Word for word, transcribe the data below from the line with "For His Salary" to the line with "Scientists finally found", keeping both of those lines.

*DATA LISTING:*
+===+
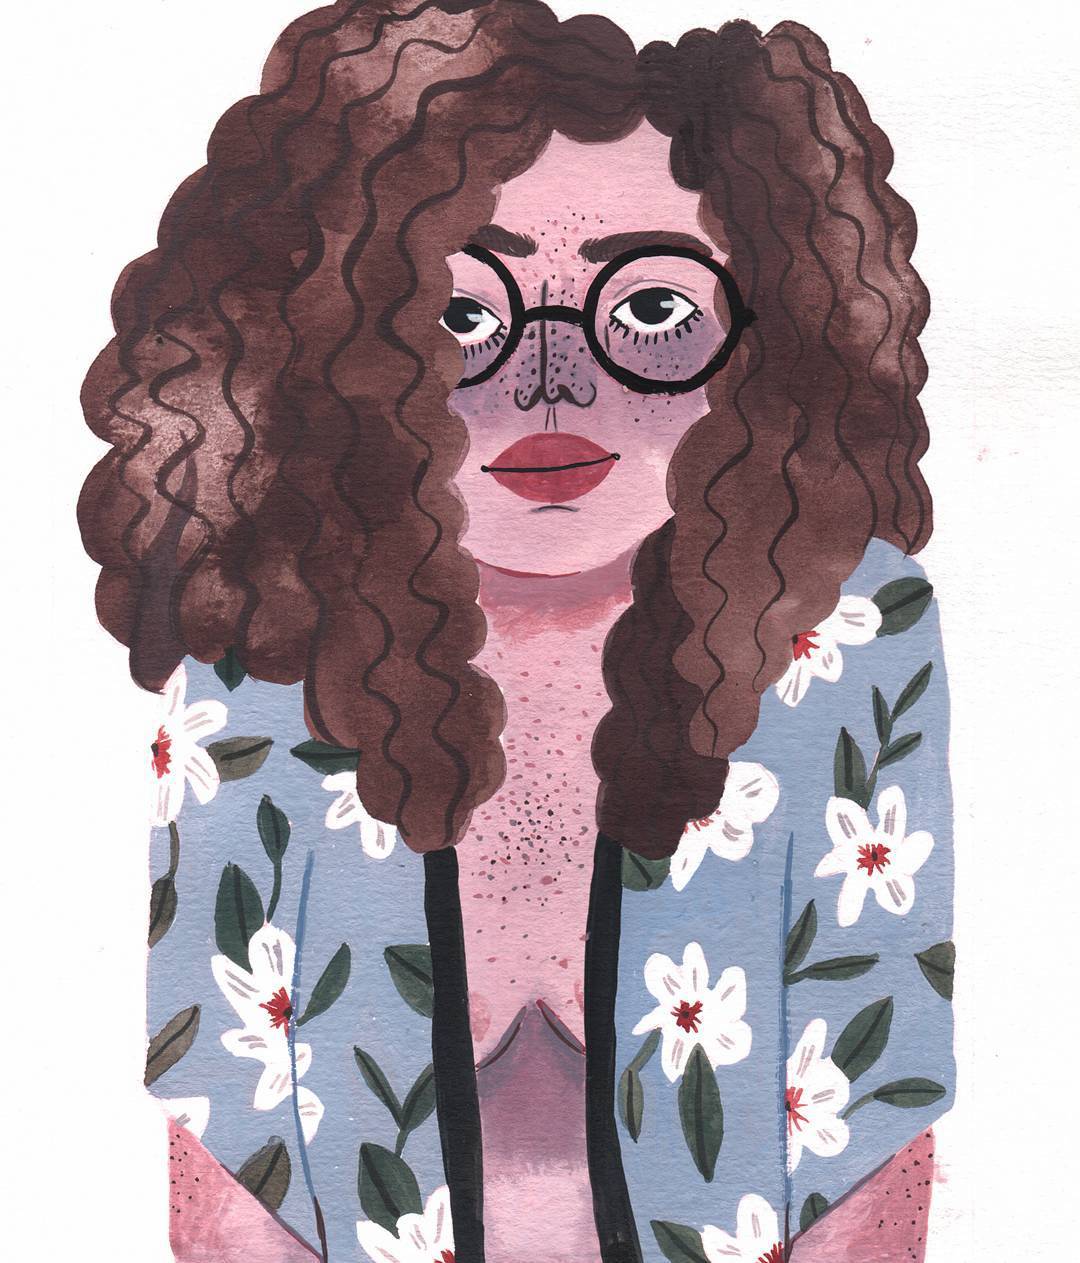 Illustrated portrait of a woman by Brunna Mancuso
+===+
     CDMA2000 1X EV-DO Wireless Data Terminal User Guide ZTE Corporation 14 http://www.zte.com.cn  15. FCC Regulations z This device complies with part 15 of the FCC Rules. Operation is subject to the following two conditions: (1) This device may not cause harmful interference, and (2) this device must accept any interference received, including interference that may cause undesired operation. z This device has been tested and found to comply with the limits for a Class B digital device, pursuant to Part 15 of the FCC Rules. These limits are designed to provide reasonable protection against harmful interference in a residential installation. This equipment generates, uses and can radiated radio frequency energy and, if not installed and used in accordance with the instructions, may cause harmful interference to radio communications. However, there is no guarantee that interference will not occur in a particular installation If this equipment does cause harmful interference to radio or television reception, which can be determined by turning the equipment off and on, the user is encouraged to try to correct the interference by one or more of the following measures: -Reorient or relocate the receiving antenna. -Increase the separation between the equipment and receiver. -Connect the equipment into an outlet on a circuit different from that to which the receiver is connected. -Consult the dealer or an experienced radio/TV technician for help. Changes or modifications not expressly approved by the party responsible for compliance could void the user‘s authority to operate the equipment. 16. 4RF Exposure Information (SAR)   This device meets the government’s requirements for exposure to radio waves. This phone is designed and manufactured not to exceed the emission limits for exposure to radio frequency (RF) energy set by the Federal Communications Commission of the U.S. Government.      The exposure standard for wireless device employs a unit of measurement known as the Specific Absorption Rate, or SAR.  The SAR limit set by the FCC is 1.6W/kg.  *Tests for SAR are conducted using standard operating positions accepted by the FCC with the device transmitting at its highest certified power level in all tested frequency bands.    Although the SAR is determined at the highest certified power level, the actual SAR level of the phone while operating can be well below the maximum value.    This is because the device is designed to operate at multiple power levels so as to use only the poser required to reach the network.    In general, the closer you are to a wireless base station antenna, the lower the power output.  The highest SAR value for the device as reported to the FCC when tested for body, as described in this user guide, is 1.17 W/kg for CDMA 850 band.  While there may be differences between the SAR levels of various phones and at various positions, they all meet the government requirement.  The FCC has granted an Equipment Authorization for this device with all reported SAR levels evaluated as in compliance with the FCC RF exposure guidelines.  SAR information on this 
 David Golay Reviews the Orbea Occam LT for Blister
+===+
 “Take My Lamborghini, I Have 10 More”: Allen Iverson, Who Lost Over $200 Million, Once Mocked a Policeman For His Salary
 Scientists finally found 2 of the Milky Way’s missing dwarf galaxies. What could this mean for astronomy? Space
+===+
*SOLUTION TO THIS PROBLEM:*
 “Take My Lamborghini, I Have 10 More”: Allen Iverson, Who Lost Over $200 Million, Once Mocked a Policeman For His Salary
 Scientists finally found 2 of the Milky Way’s missing dwarf galaxies. What could this mean for astronomy? Space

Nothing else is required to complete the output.